For the records below, output word for word the lines from the one with "Couple de chaises" up to and including the one with "Cette chaise de". No pictures.

DATA RECORDS -
Segment Open

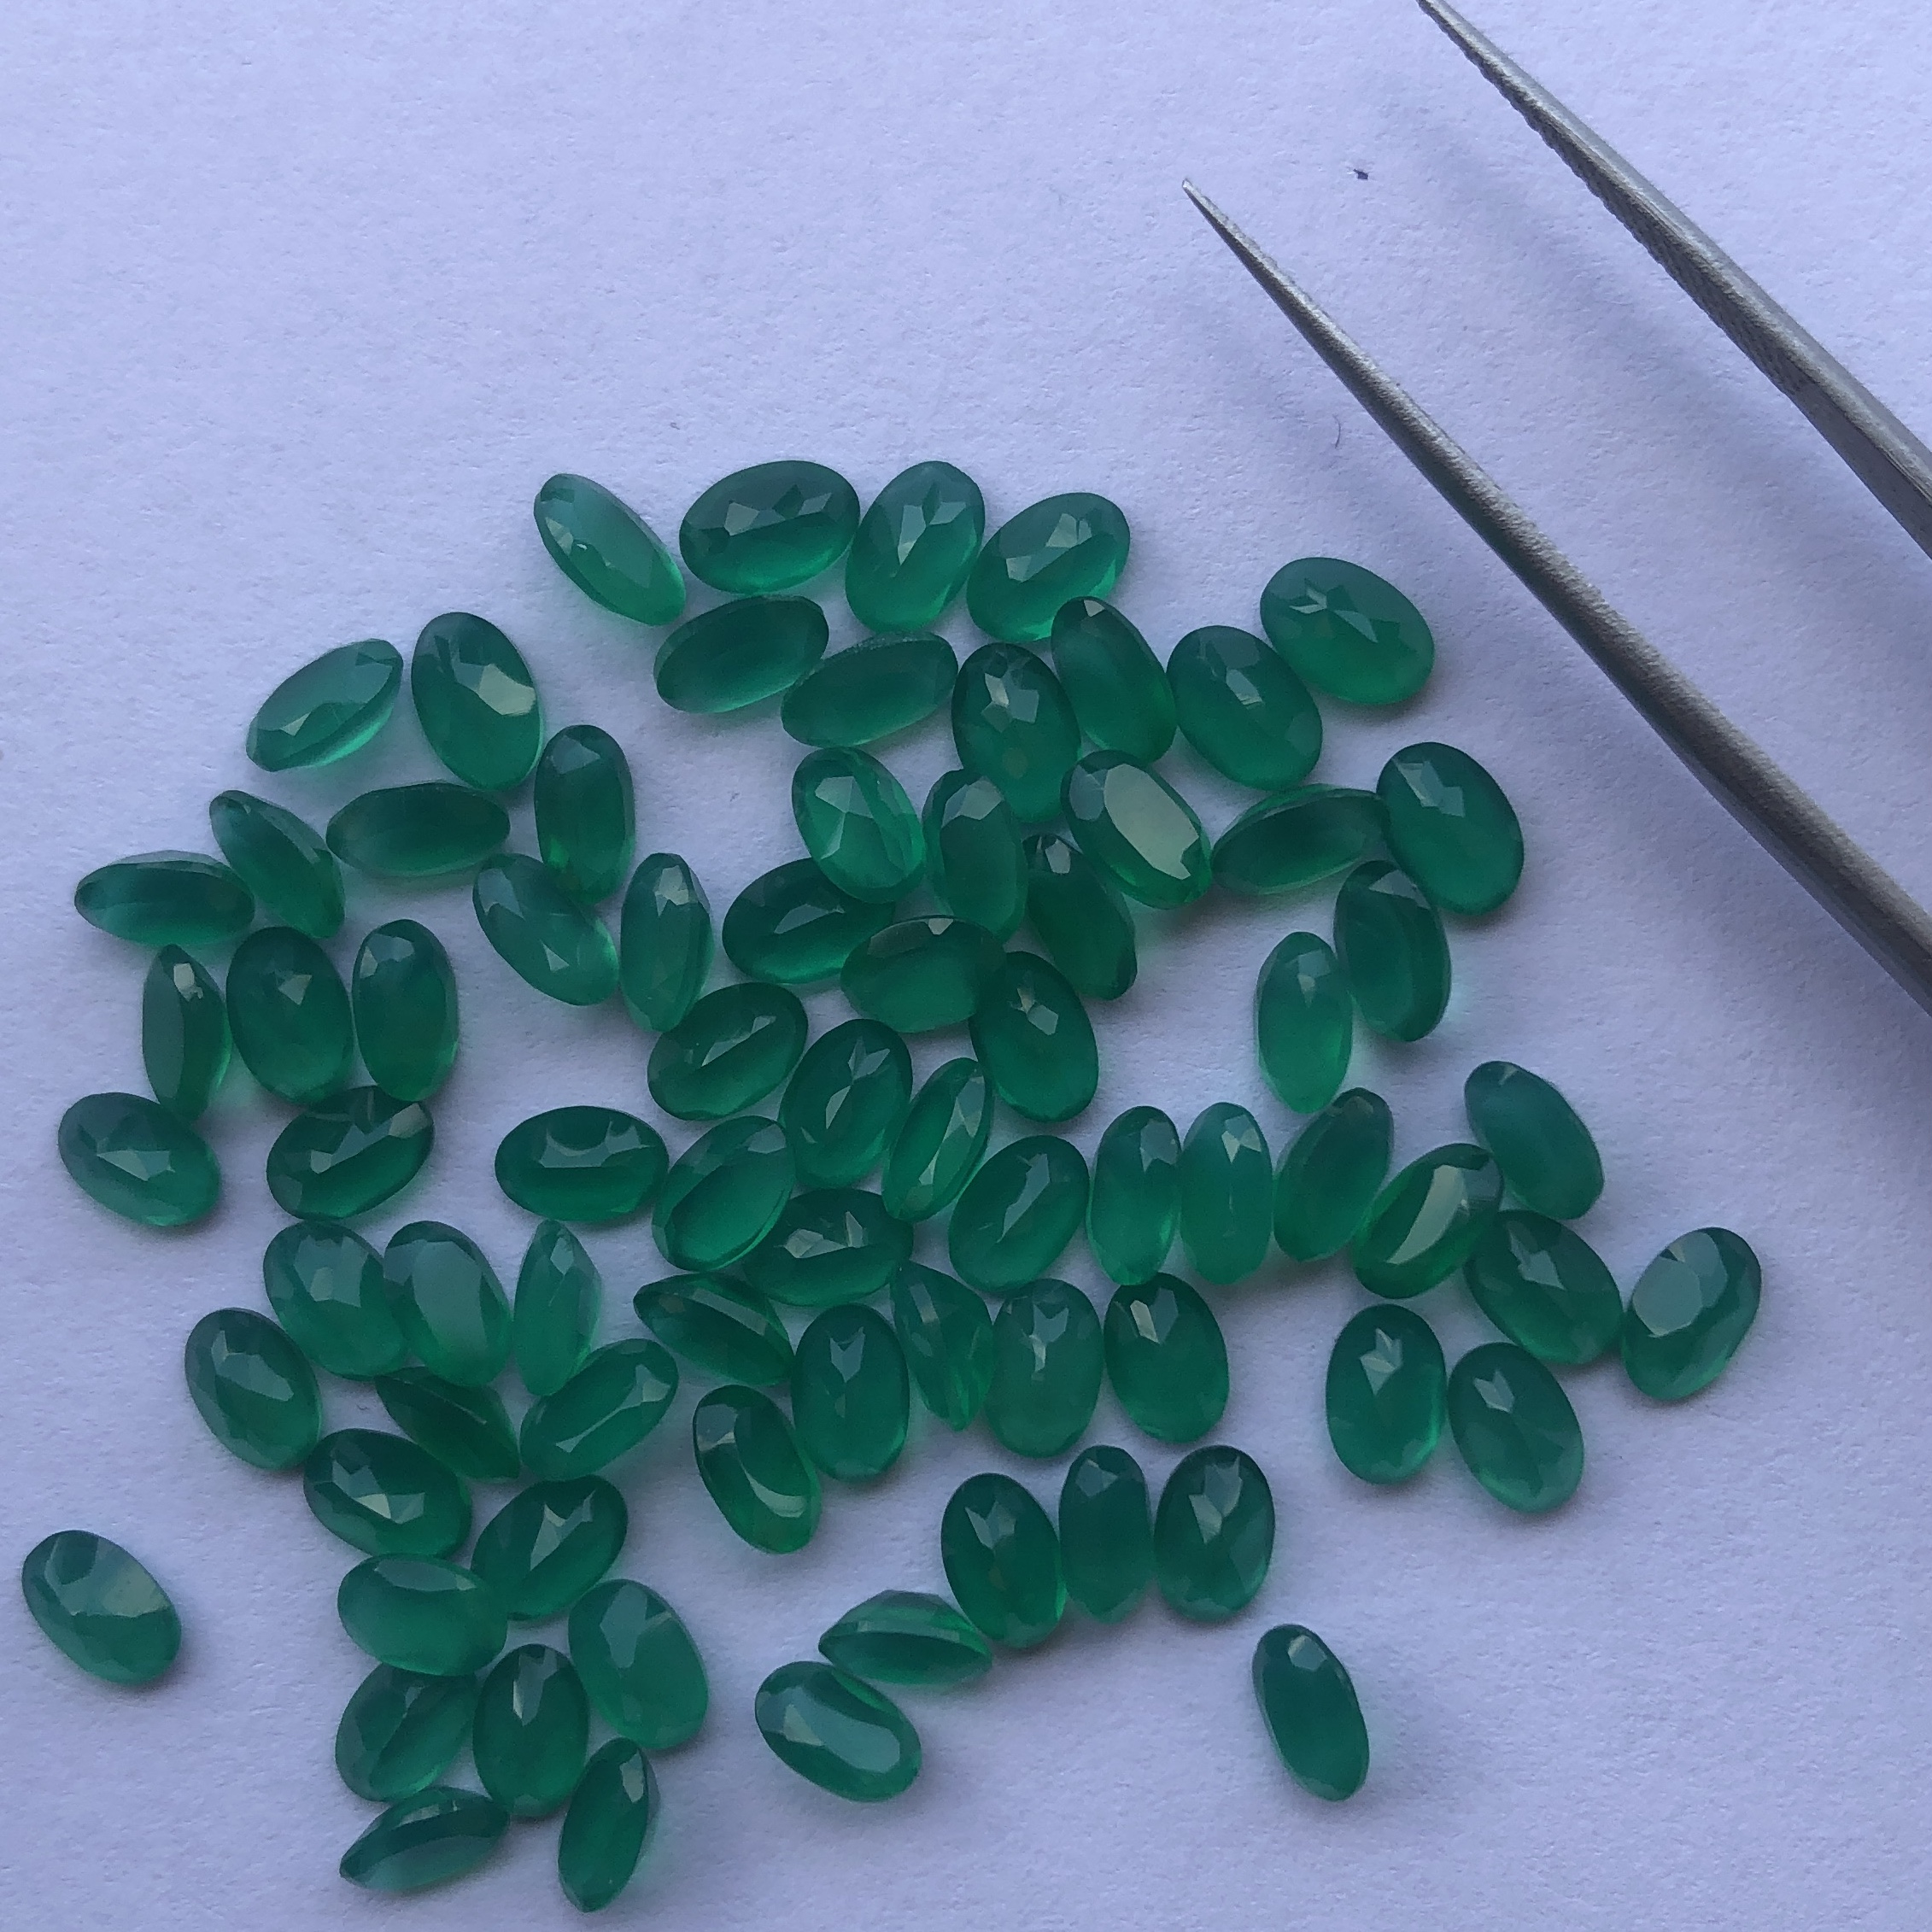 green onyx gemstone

Segment Closed
Segment Open

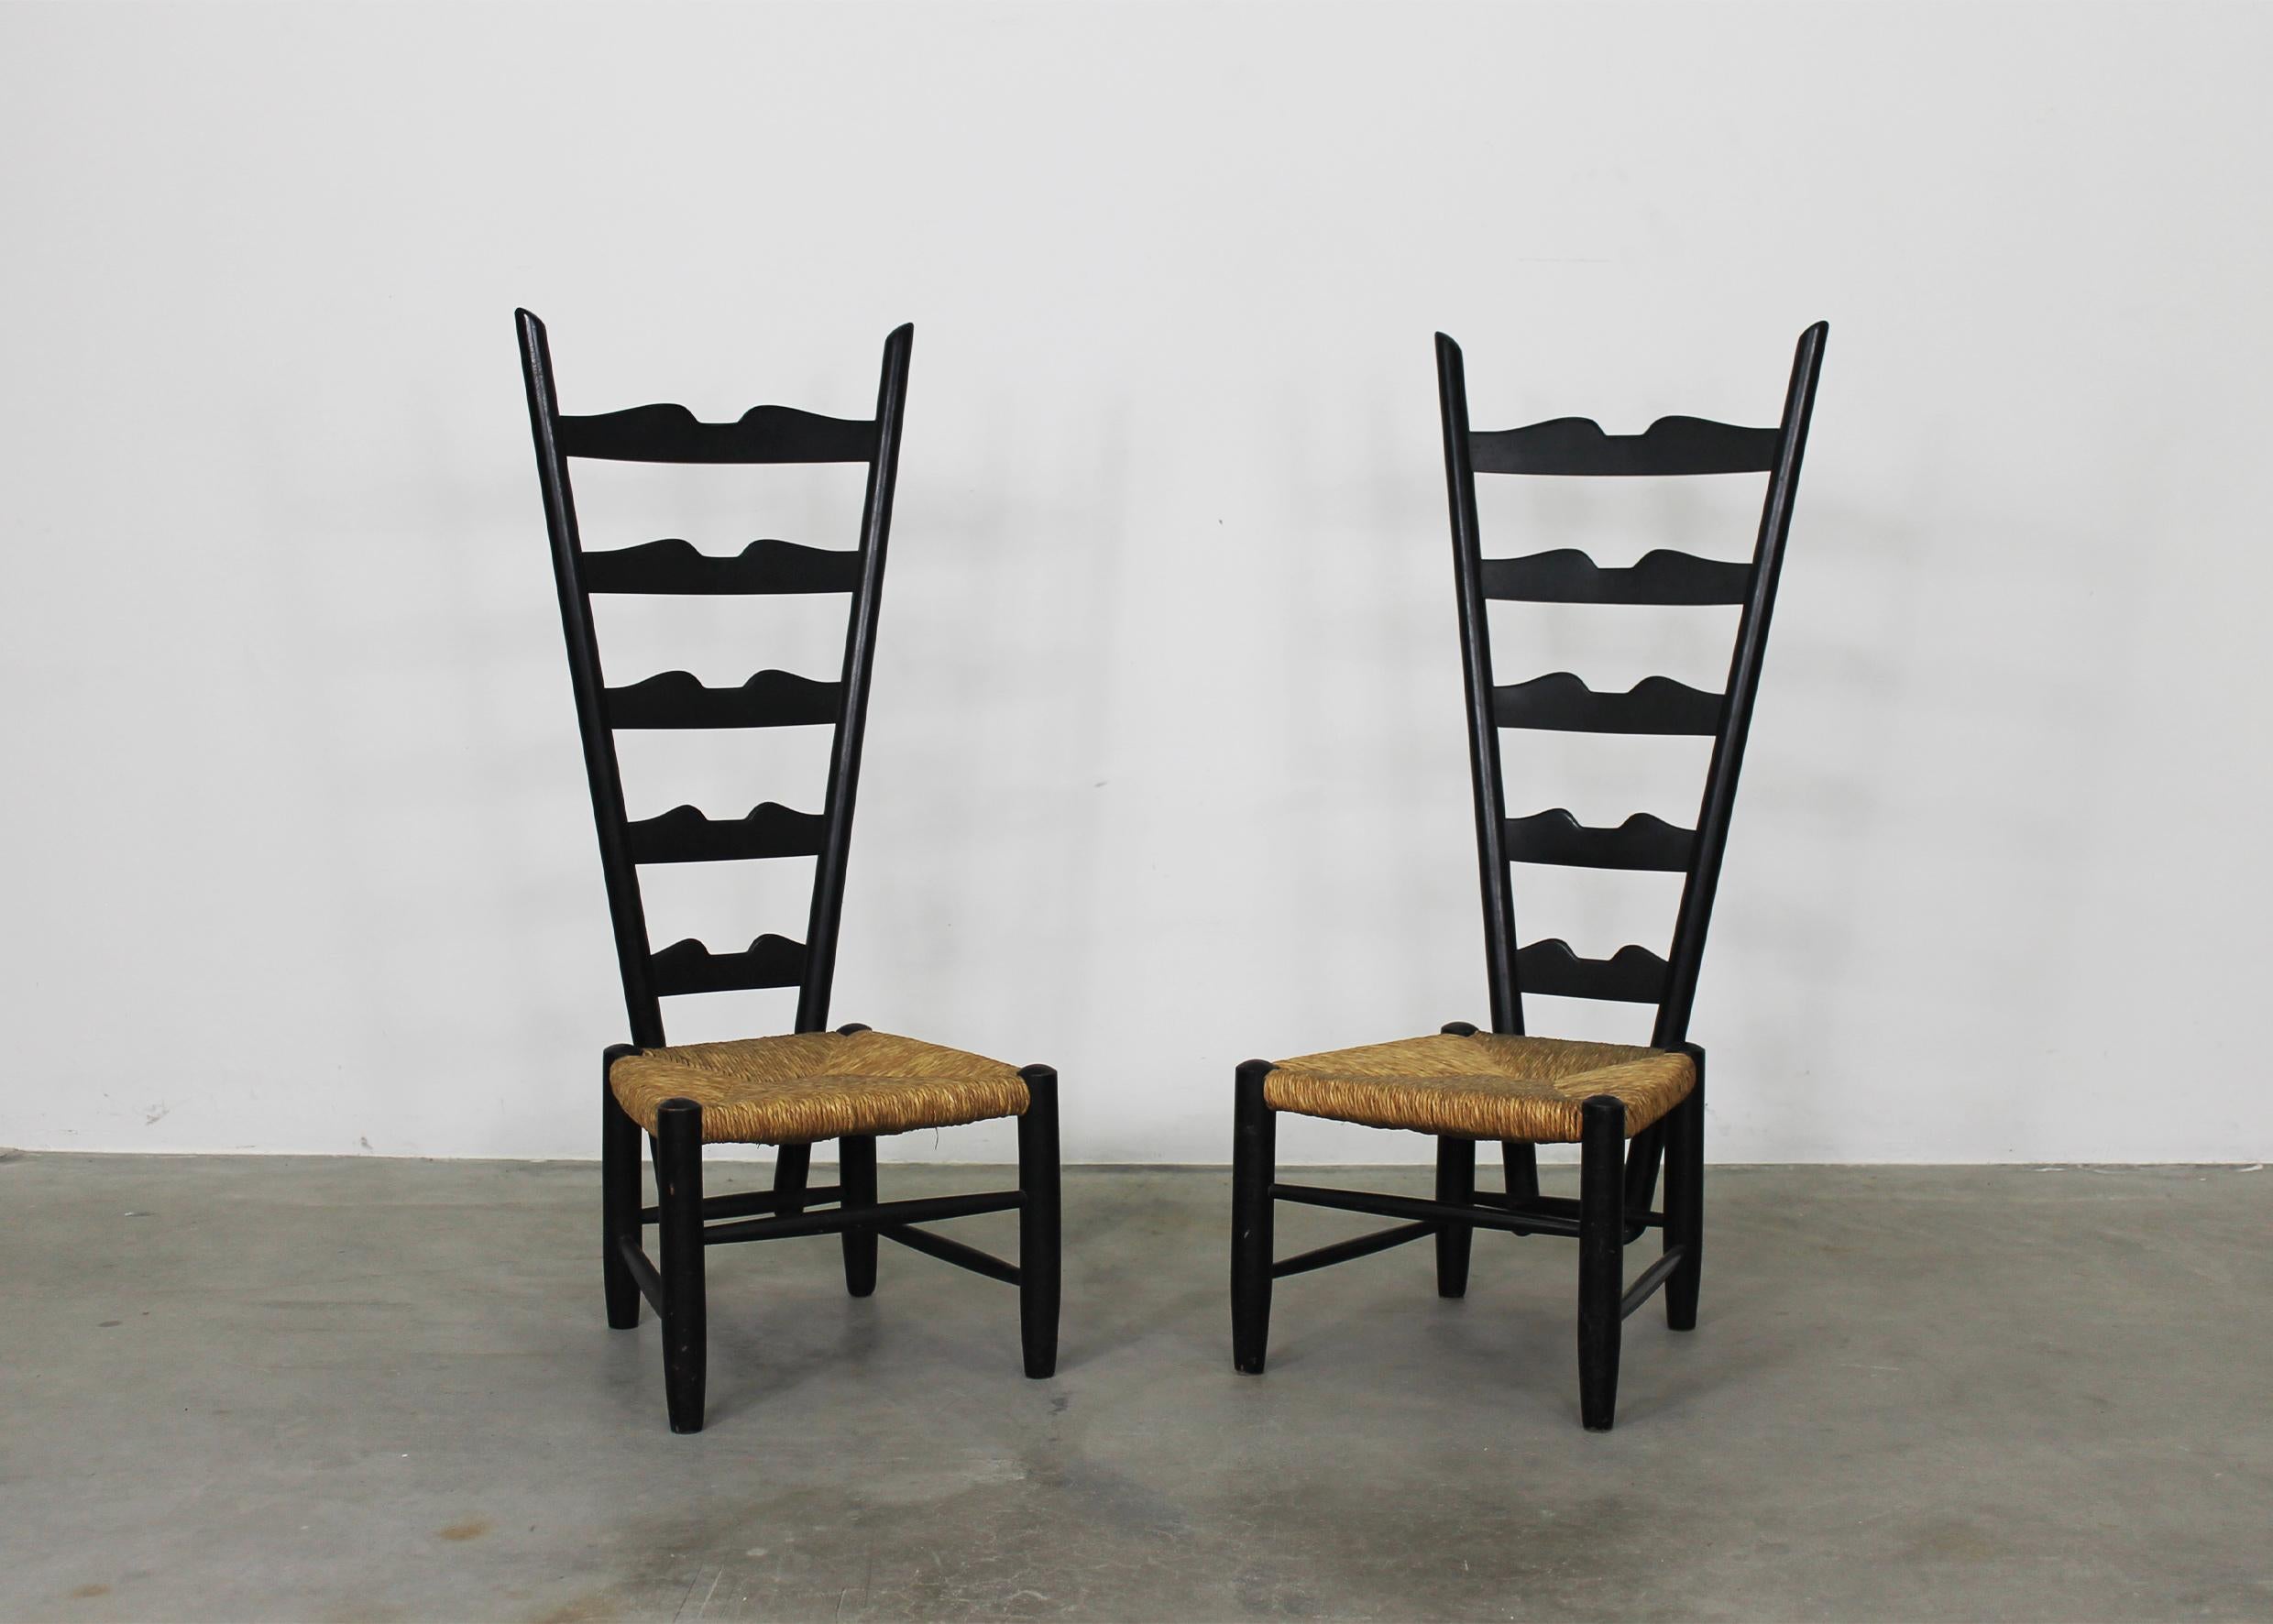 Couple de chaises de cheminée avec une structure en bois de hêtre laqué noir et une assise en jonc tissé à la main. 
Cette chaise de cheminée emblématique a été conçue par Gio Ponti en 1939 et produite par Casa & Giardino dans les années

Segment Closed
Segment Open

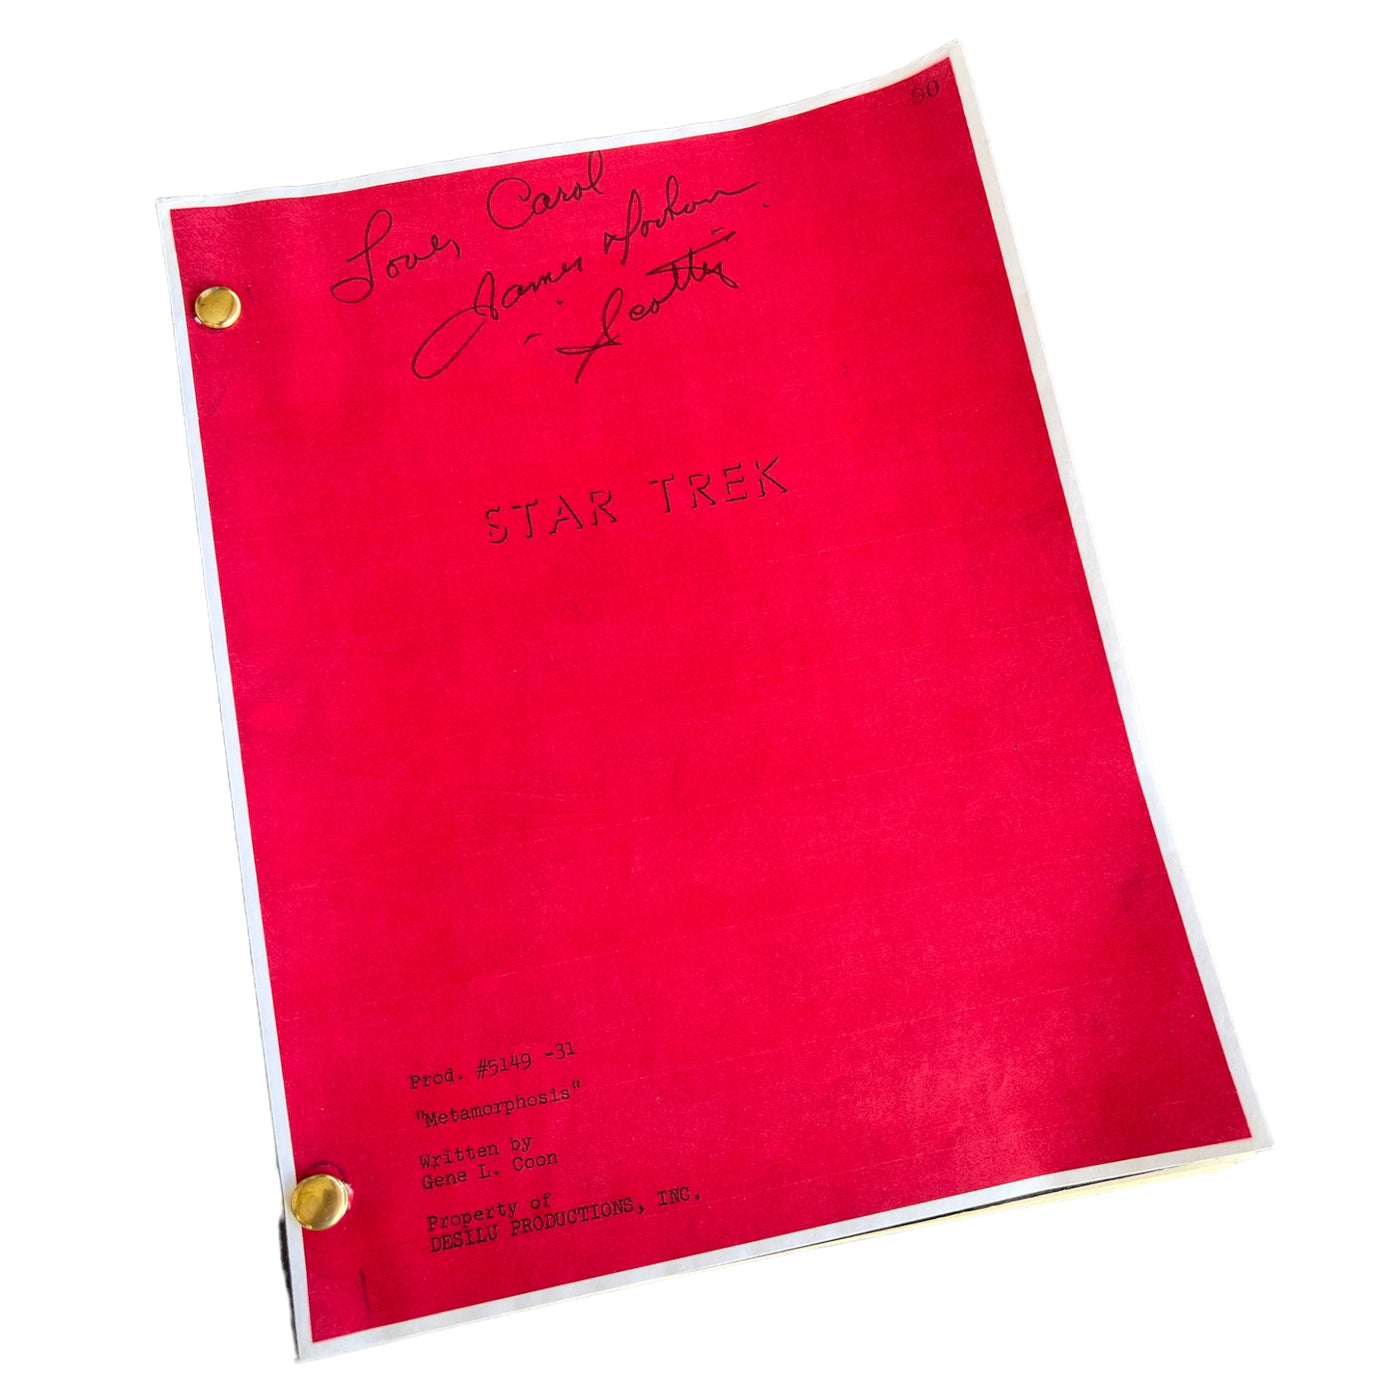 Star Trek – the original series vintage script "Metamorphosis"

Segment Closed

WRITTEN SOLUTION -
 Couple de chaises de cheminée avec une structure en bois de hêtre laqué noir et une assise en jonc tissé à la main. 
Cette chaise de cheminée emblématique a été conçue par Gio Ponti en 1939 et produite par Casa & Giardino dans les années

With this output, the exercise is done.